◆ TASK DIRECTIONS
What you return should be only the lines starting at the one that contains "Ruotsi otti käyttöön" and running to the end of the listing, exactly as written, minus any pictures.
(SOURCE DATA Opens)
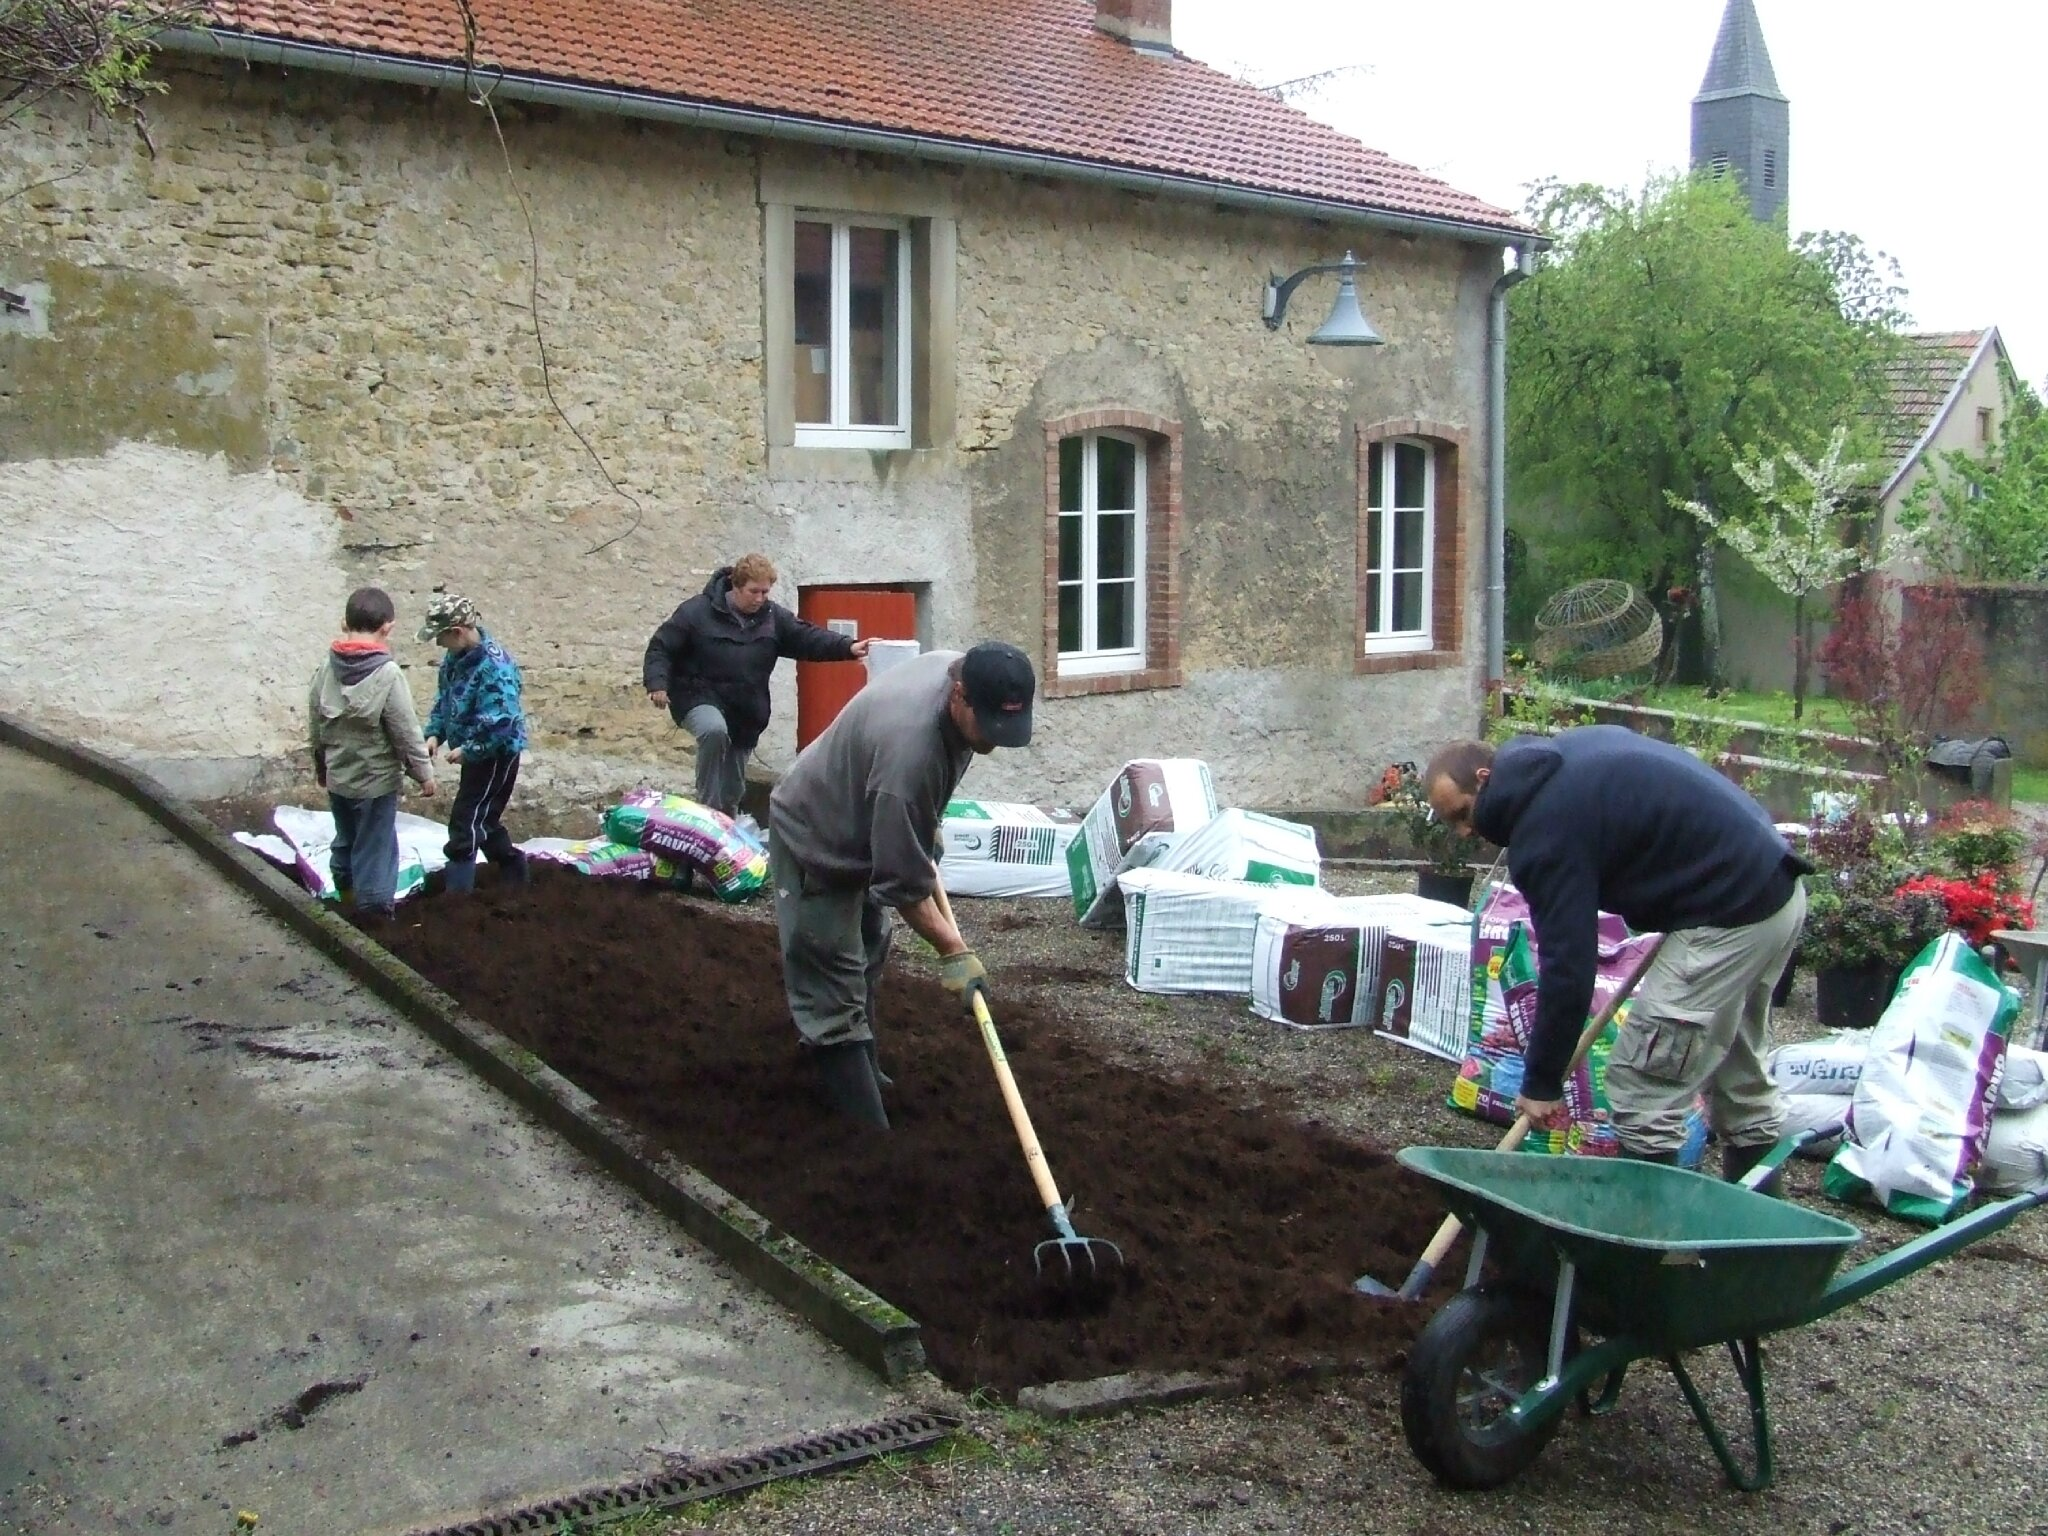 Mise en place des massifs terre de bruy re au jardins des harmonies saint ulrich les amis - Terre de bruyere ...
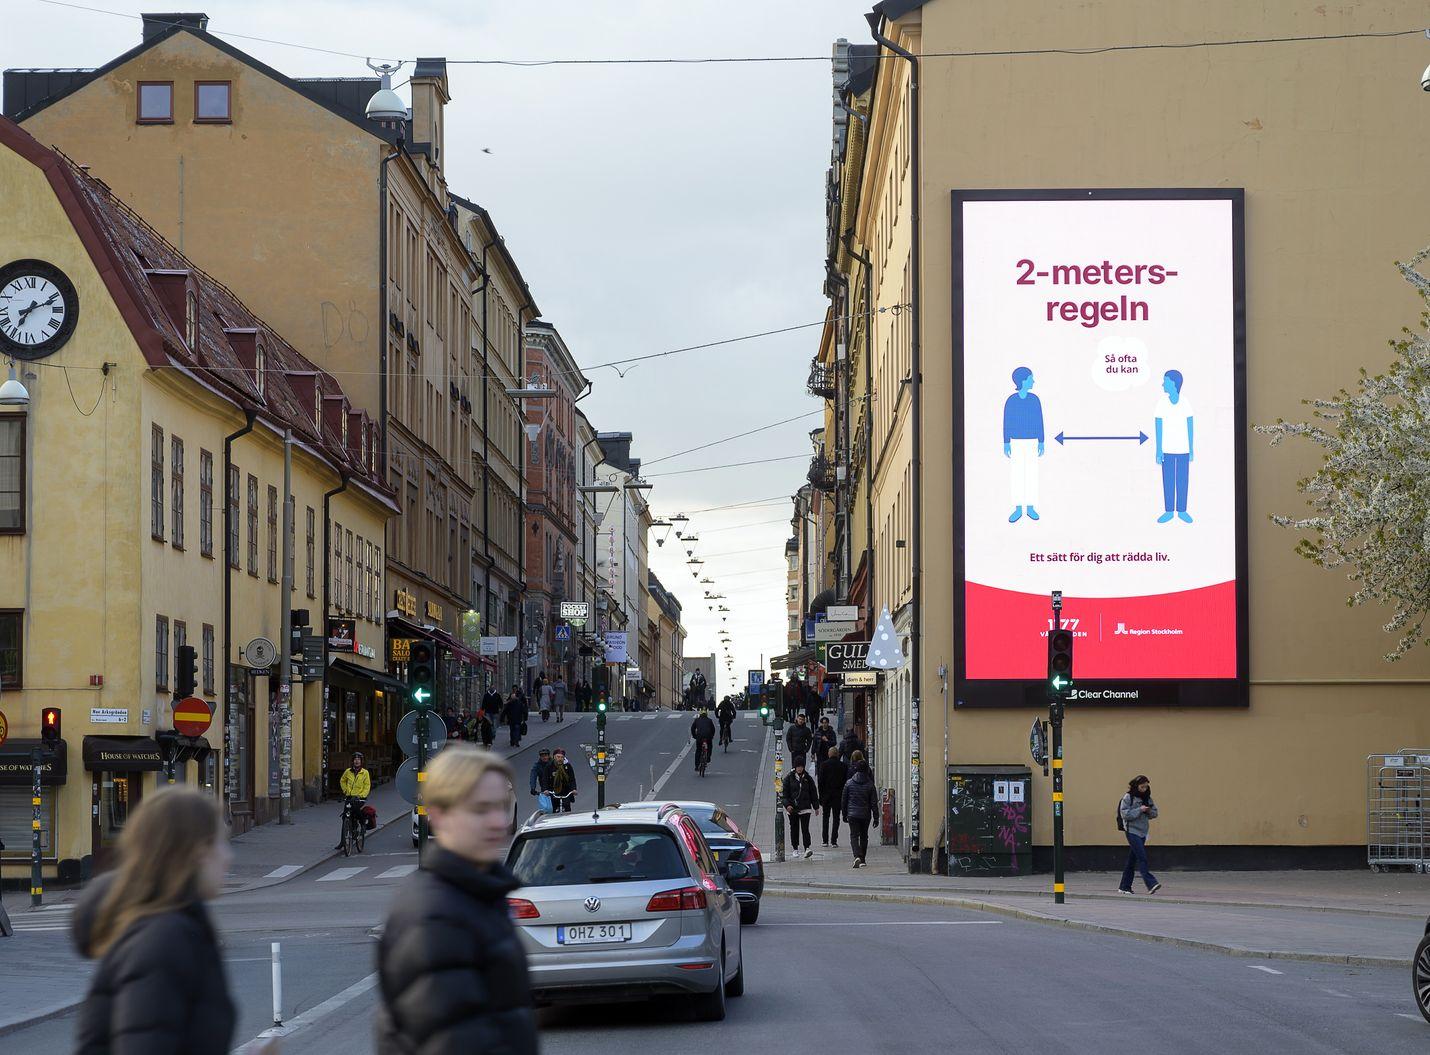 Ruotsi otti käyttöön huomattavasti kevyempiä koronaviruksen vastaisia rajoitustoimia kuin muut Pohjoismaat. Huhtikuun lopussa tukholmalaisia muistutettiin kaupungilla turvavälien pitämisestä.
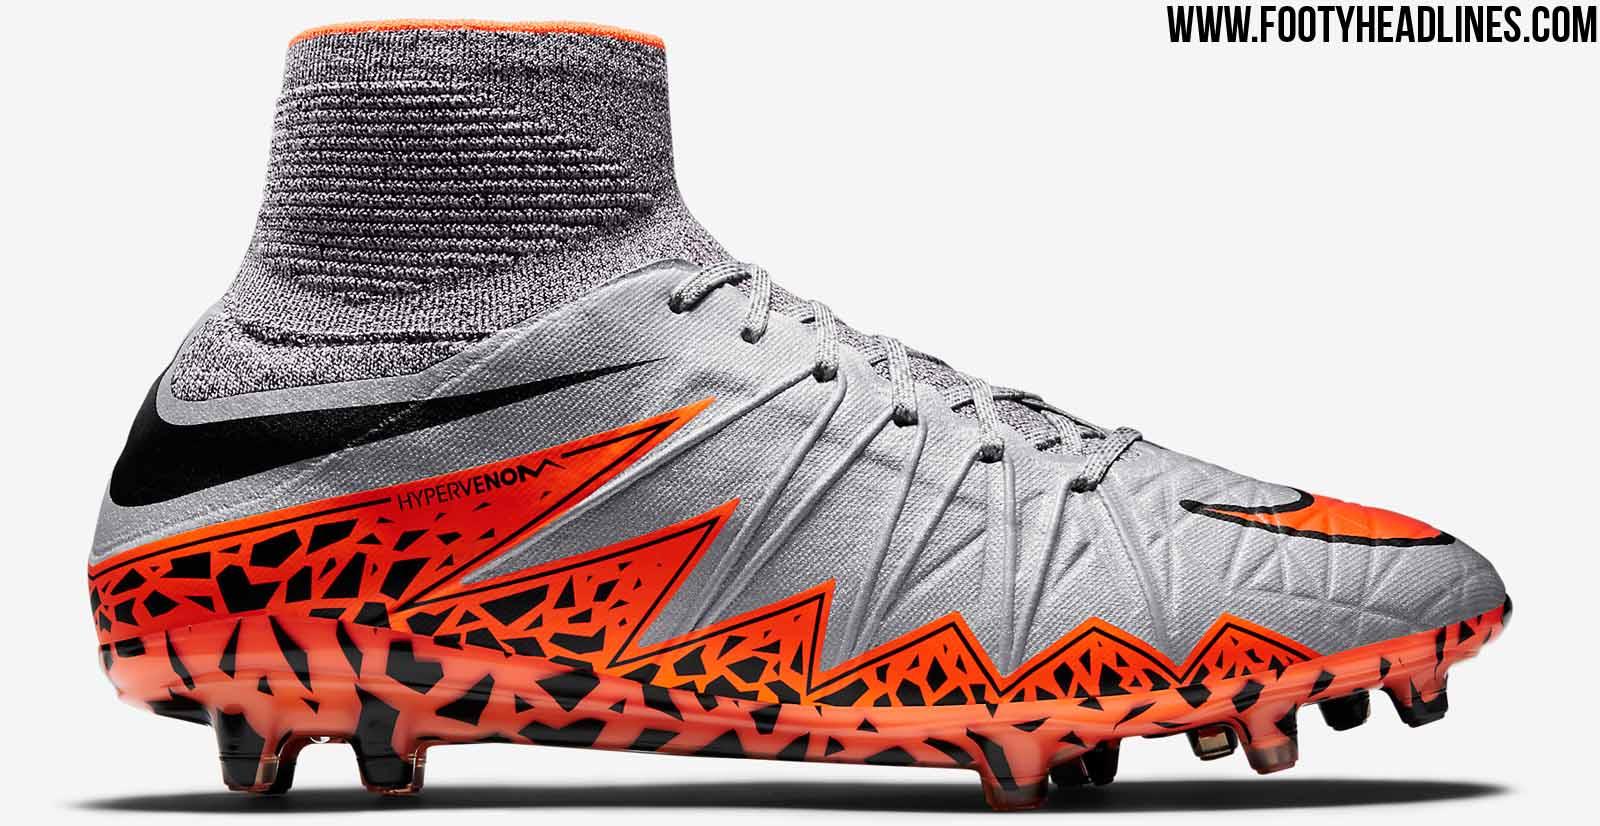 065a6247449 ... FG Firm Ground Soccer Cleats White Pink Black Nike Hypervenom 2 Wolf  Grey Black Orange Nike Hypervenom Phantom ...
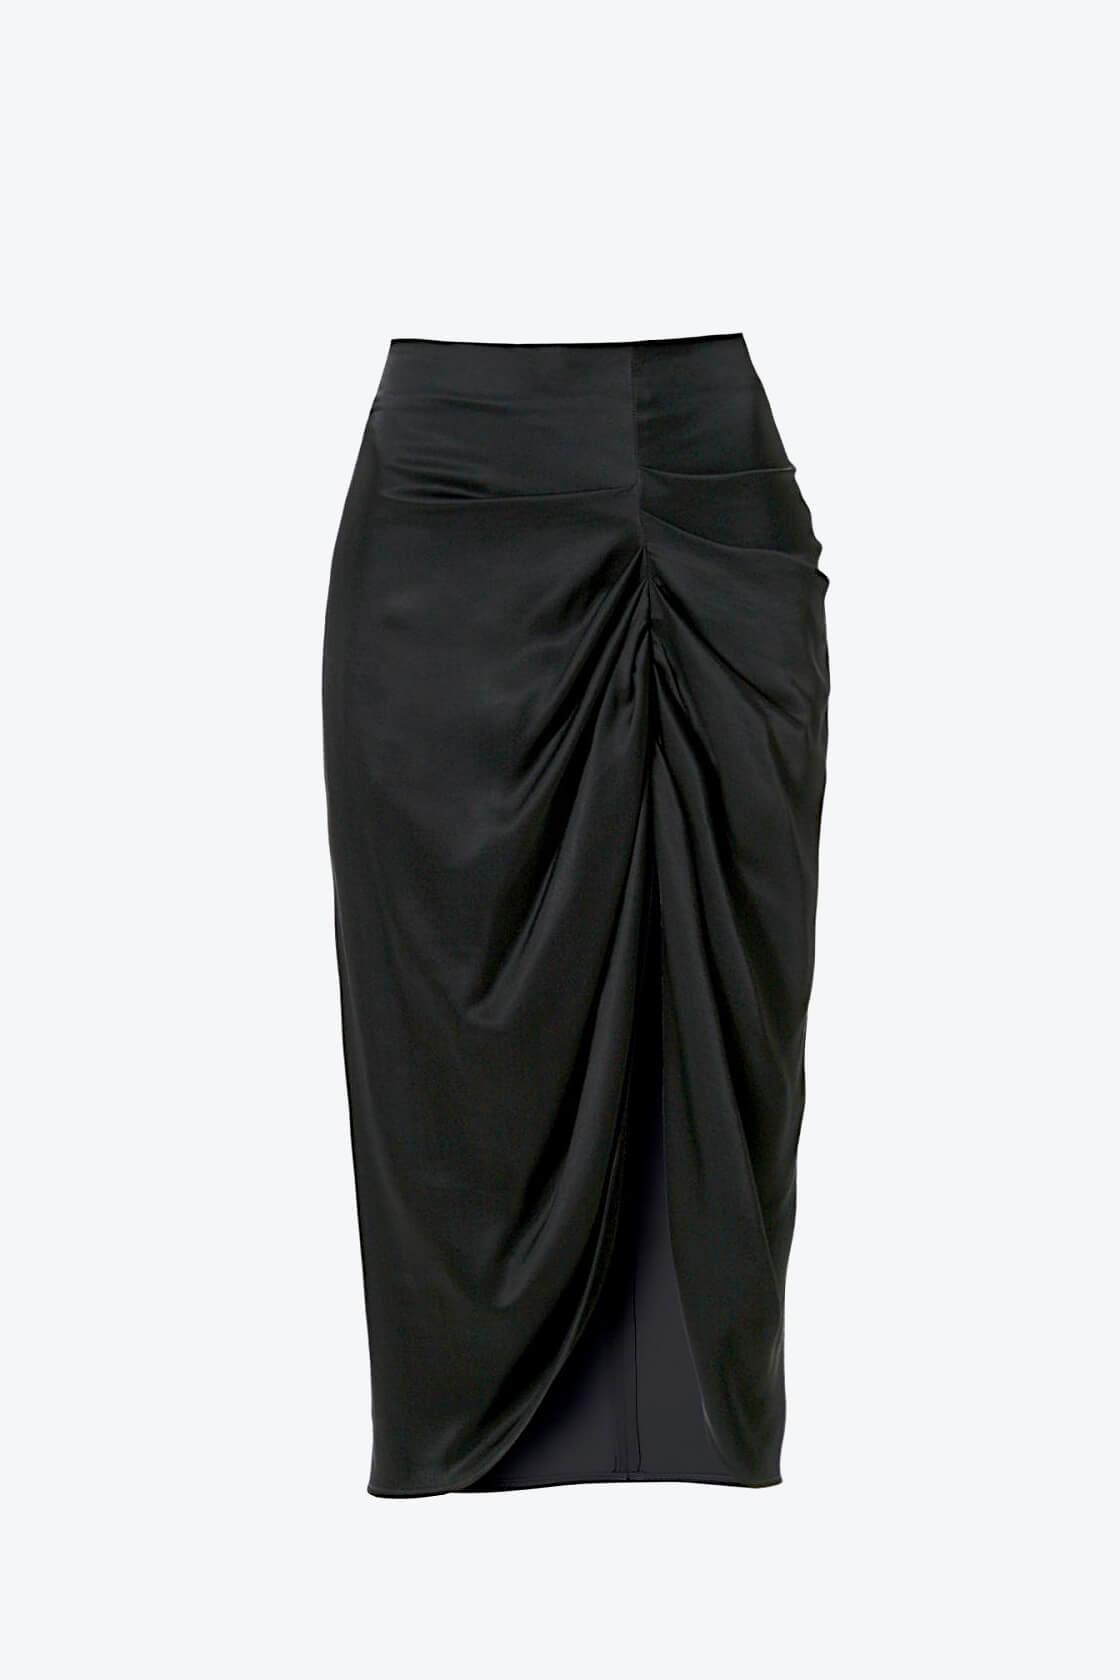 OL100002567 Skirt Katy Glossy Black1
(SOURCE DATA Closes)
◆ RESULT BELOW
 Ruotsi otti käyttöön huomattavasti kevyempiä koronaviruksen vastaisia rajoitustoimia kuin muut Pohjoismaat. Huhtikuun lopussa tukholmalaisia muistutettiin kaupungilla turvavälien pitämisestä.
 065a6247449 ... FG Firm Ground Soccer Cleats White Pink Black Nike Hypervenom 2 Wolf  Grey Black Orange Nike Hypervenom Phantom ...
 OL100002567 Skirt Katy Glossy Black1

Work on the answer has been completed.